Designed by Rosemary Hansult of Rosemary’s Quilting Room in Pinehurst, the 40-by-80-inch quilt boasts the talents of Hansult and 15 or so other women who meet regularly at her shop to enjoy each other’s company while working on quilting projects and improving their quilting skills. Its inspiration came from an earlier project the group did in memory of Gina Piper, a talented quilting buddy who lost her own long cancer fight last year.
“Gina made a very, very big impression on all our lives,” Hansult says.
The quilt takes on an even greater meaning when you consider that some of the seamstresses who poured their talents into it have themselves faced their own cancer challenge.
Polly Bell, planned giving officer for the Moore Regional Hospital Foundation, recognized the special nature of the quilt in a thank-you note to Hansult and her friends after they donated it to the hospital.
“The quilt is a visual reminder that the people who are facing a serious illness are not alone,” Bell said in her message. “The personalized ornaments and the quilt provide a wonderful means for patients to share their thoughts with current and future cancer patients, cancer survivors and caregivers. The soothing colors on the quilt may bring some tranquility to those who are troubled.”

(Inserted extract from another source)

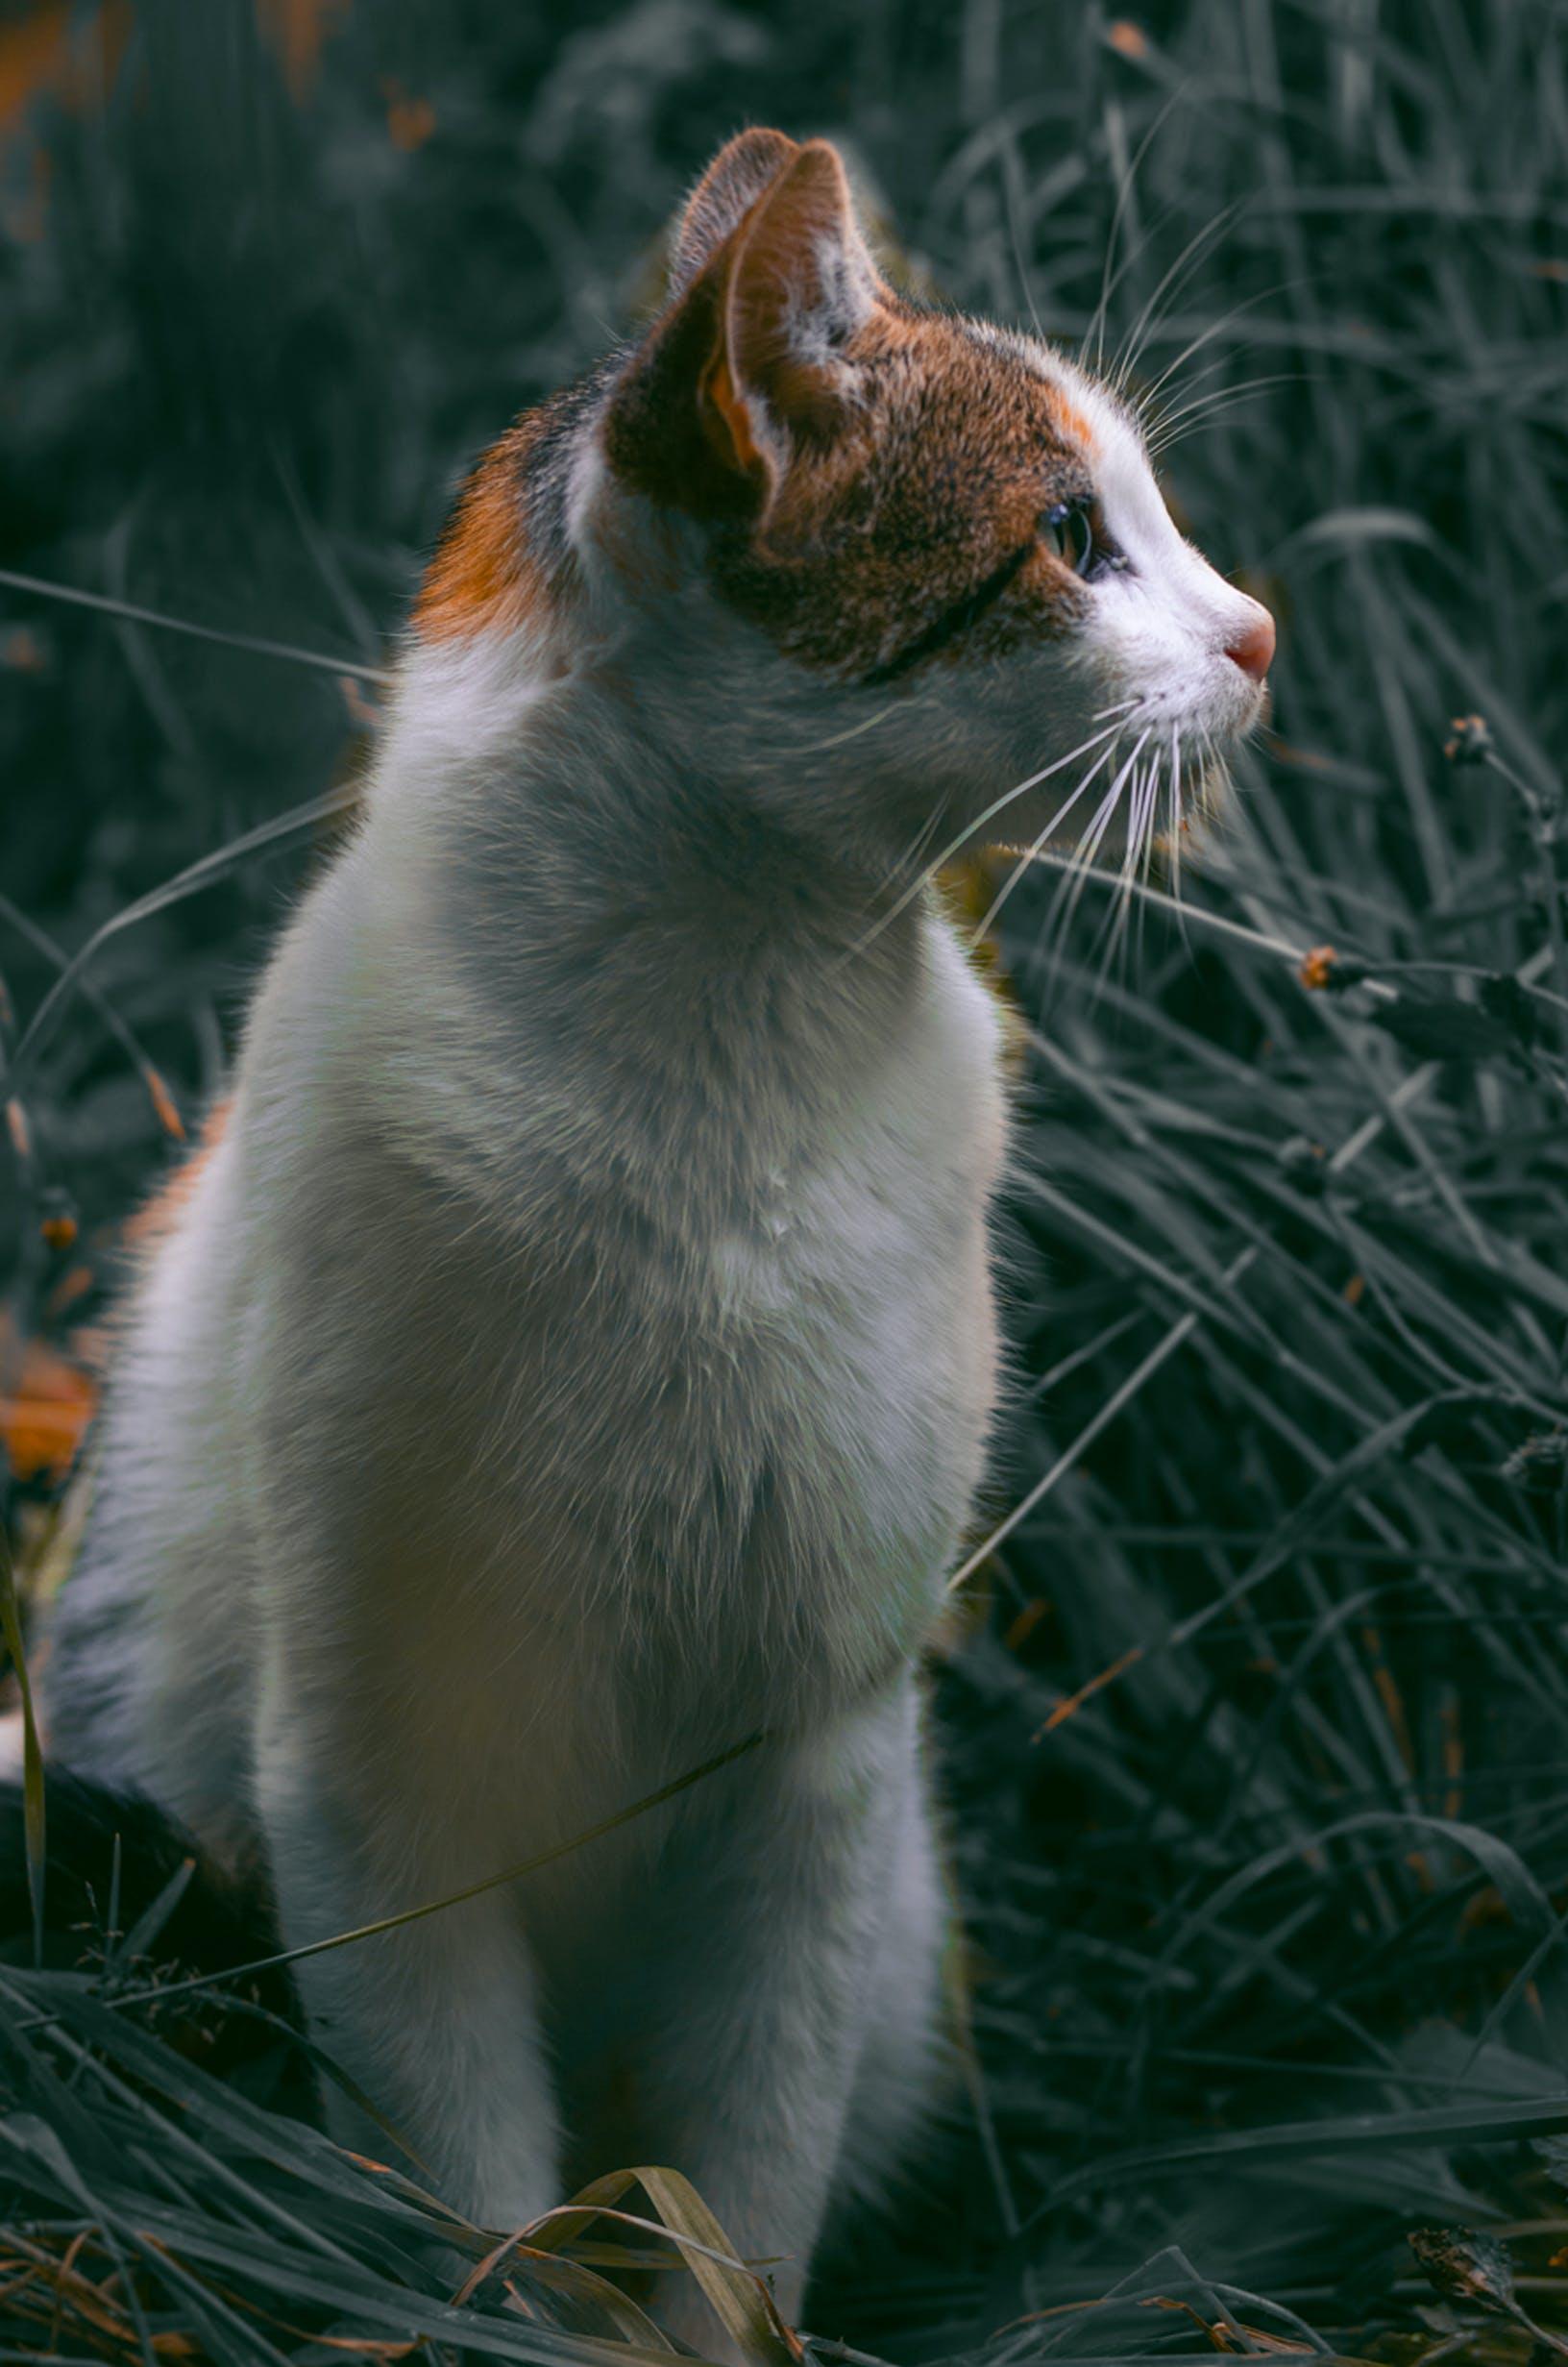 Cat Looking Towards Right

The individual messages, in heart-shaped and square blocks that Hansult calls “ornaments,” are attached with buttons to a more elaborately quilted background. Hansult and her friends sewed them on with loving precision. Some of the seamstresses also assisted with the hand embroidery in the quilt while others machine-embroidered the “ornaments.”
A few of the seamstresses signed a block and left their own message.
Hansult, a seamstress for more than 70 years and twice president of the Sandhills Quilters Guild, regularly orchestrates quilted donations to area non-profits. She and her friends have made quilts and Christmas stockings for veterans in nursing homes and the VA Medical Center in Fayetteville.
They recently donated a quilt to the Habitat for Humanity house constructed during an all-female build.
There are reasons for their generosity. Quilts give comfort to people, says Hansult, and the Radiation Oncology quilt serves as a “visual reminder that people facing serious illness are not alone.”
“Quilts are more than just blankets to warm our bodies,” says Hansult. “More importantly, they warm our souls.”